Zuvor lag die Mineralabgabe bei 50 Prozent. Doch zunächst war das Interesse nicht sonderlich groß gewesen. Aber mit den gestiegenen Weltmarktpreisen von Rohstoffen häufen sich aktuell die Anträge auf Abbau von Erzen und Edelmetallen. Für viele Kommunalpolitiker ein Hoffnungsschimmer für Regionen, die mit der Abwanderung ganzer Generationen zu kämpfen haben.

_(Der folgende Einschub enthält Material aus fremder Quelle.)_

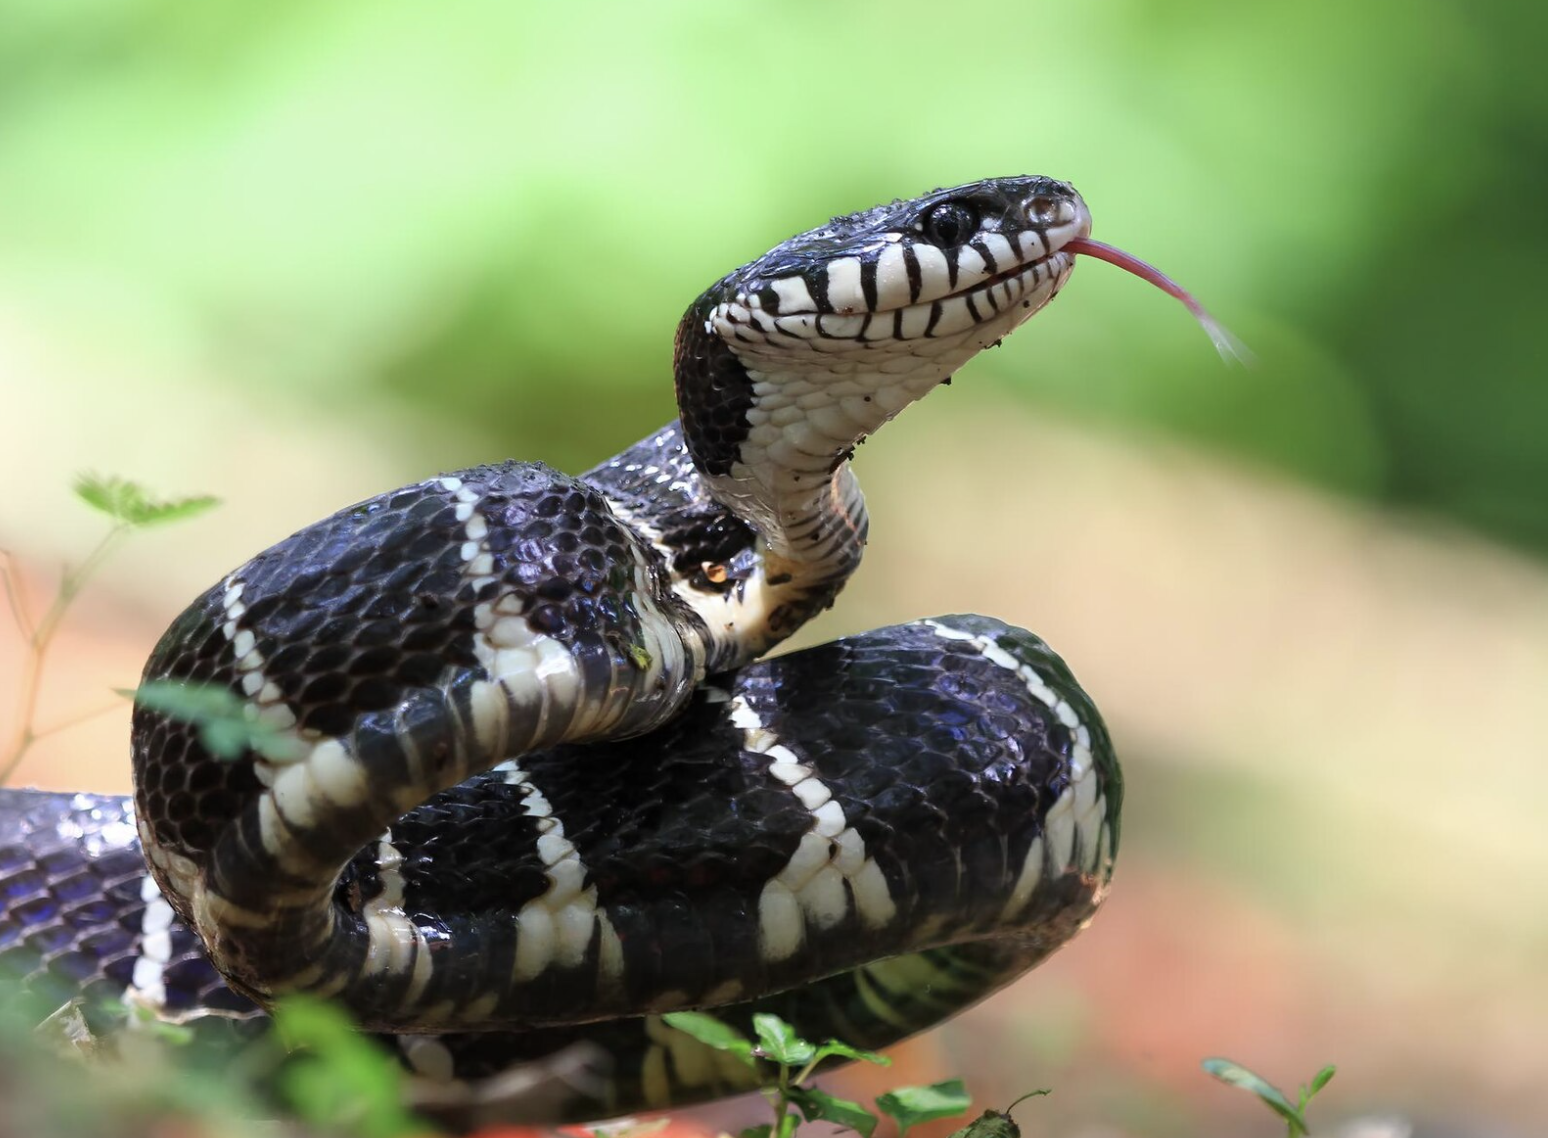 7 Of The Deadliest Snakes In The World
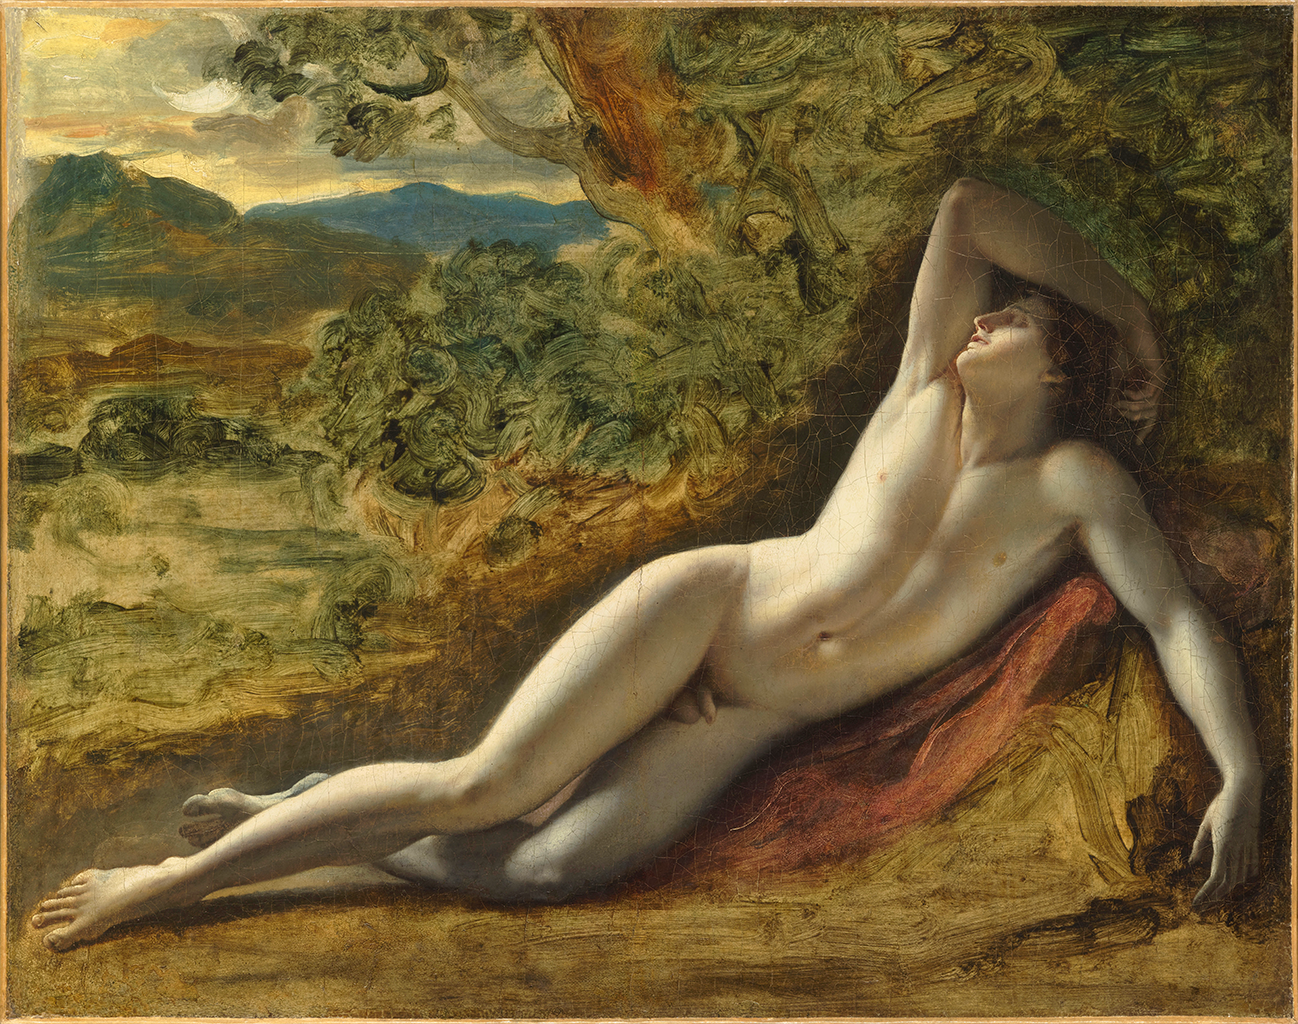 A painting of a pale skin-toned man lying naked, as he has his back pushed against the edge of the brush. He covers the top of his head with his arm and his eyes are closed. Behind him are thick brushstrokes that make up a forest background.

Jokkmokk hofft auf Bergwerk

Ein neues Bergwerk unweit von Jokkmokk wäre in den Augen von Stadtrat Stefan Andersson eine Riesenchance: „Wir können nicht konkret sagen, wie viele Arbeitsplätze es geben wird. Das kommt ja auch darauf an, wie man rechnet. Weil man ja nicht nur die eigentliche Grube dazuzählen kann. In den Kommunen, die Gruben haben, können wir viele enorme Nebeneffekte sehen.  Da entstehen neue Unternehmen: Spediteure, Schweißereien, Catering, Reinigungspersonal und vieles mehr.“

Jokkmokk ist von der Fläche her über 100 Mal größer als Stockholm, hat aber gerade mal gut 5.000 Einwohner. Auf einen Quadratkilometer kommen hier 0,26 Einwohner, in Stockholm müssen sich über 4.700 Menschen diesen Quadratkilometer teilen. Jeder einzelne Arbeitsplatz ist in diesem Zusammenhang enorm wichtig, so Andersson.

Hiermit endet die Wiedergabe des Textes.